AttackBench: Evaluating Gradient-based Attacks for Adversarial Examples

Adversarial examples are typically optimized with gradient-based attacks. While novel attacks are continuously proposed, each is shown to outperform its predecessors using different experimental setups, hyperparameter settings, and number of forward and backward calls to the target models. This provides overly-optimistic and even biased evaluations that may unfairly favor one particular attack over the others. In this work, we aim to overcome these limitations by proposing AttackBench, i.e., the first evaluation framework that enables a fair comparison among different attacks. To this end, we first propose a categorization of gradient-based attacks, identifying their main components and differences. We then introduce our framework, which evaluates their effectiveness and efficiency. We measure these characteristics by (i) defining an optimality metric that quantifies how close an attack is to the optimal solution, and (ii) limiting the number of forward and backward queries to the model, such that all attacks are compared within a given maximum query budget. Our extensive experimental analysis compares more than 100 attack implementations with a total of over 800 different configurations against CIFAR-10 and ImageNet models, highlighting that only very few attacks outperform all the competing approaches. Within this analysis, we shed light on several implementation issues that prevent many attacks from finding better solutions or running at all. We release AttackBench as a publicly available benchmark, aiming to continuously update it to include and evaluate novel gradient-based attacks for optimizing adversarial examples.

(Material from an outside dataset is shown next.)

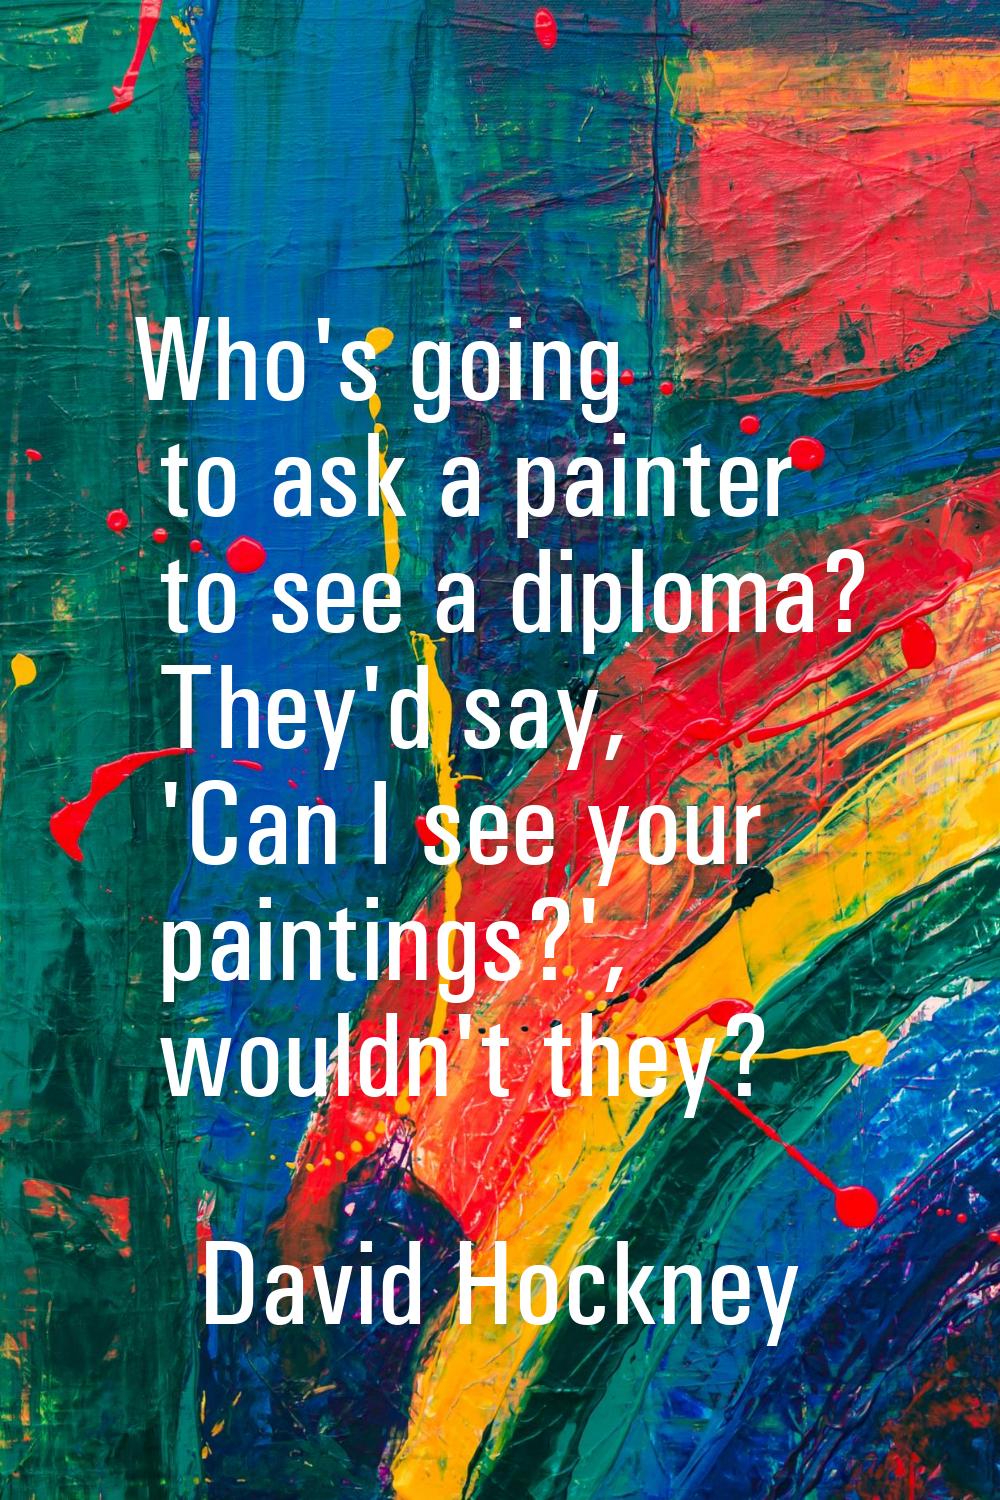 Who's going to ask a painter to see a diploma? They'd say, 'Can I see your paintings?', wouldn't th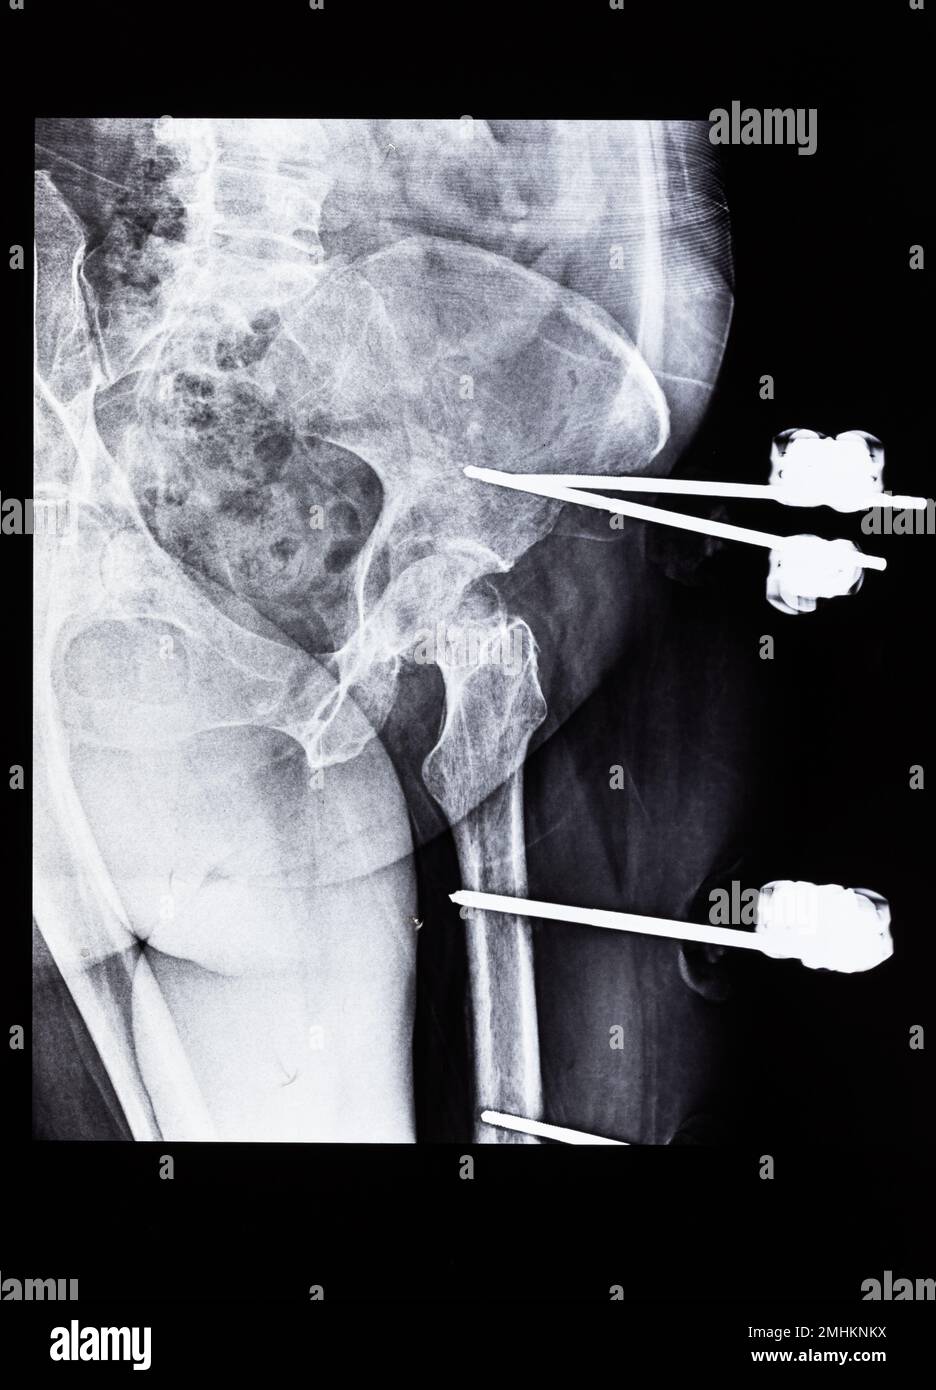 x-ray with external fixation device fixed in femur and pelvic bones Stock Photo

翻译：对抗样本通常通过梯度攻击进行优化。尽管新型攻击方法不断涌现，但每种方法都采用不同的实验设置、超参数配置以及对目标模型的正向和反向调用次数来证明其优于先前方法。这种做法可能导致过度乐观甚至存在偏见的评估结果，使特定攻击方法获得不公平的优势。为克服这些局限，本文提出AttackBench——首个实现不同攻击方法公平比较的评估框架。我们首先对梯度攻击进行分类，明确其核心组件与差异；随后引入该框架用于评估攻击的有效性与效率。通过（i）定义量化攻击结果与最优解接近程度的最优性指标，以及（ii）限制对模型的正向和反向查询次数（确保所有攻击在给定最大查询预算内可比），实现上述评估目标。我们在CIFAR-10和ImageNet模型上开展大规模实验分析，涵盖超过100种攻击实现的800余种不同配置，结果表明仅极少数攻击能够全面超越竞争对手。本分析还揭示了诸多实施层面的问题（例如代码缺陷或参数配置不当），导致多数攻击无法找到更优解甚至完全无法运行。AttackBench已作为公开基准发布，我们将持续更新以纳入并评估更多新型梯度攻击方法。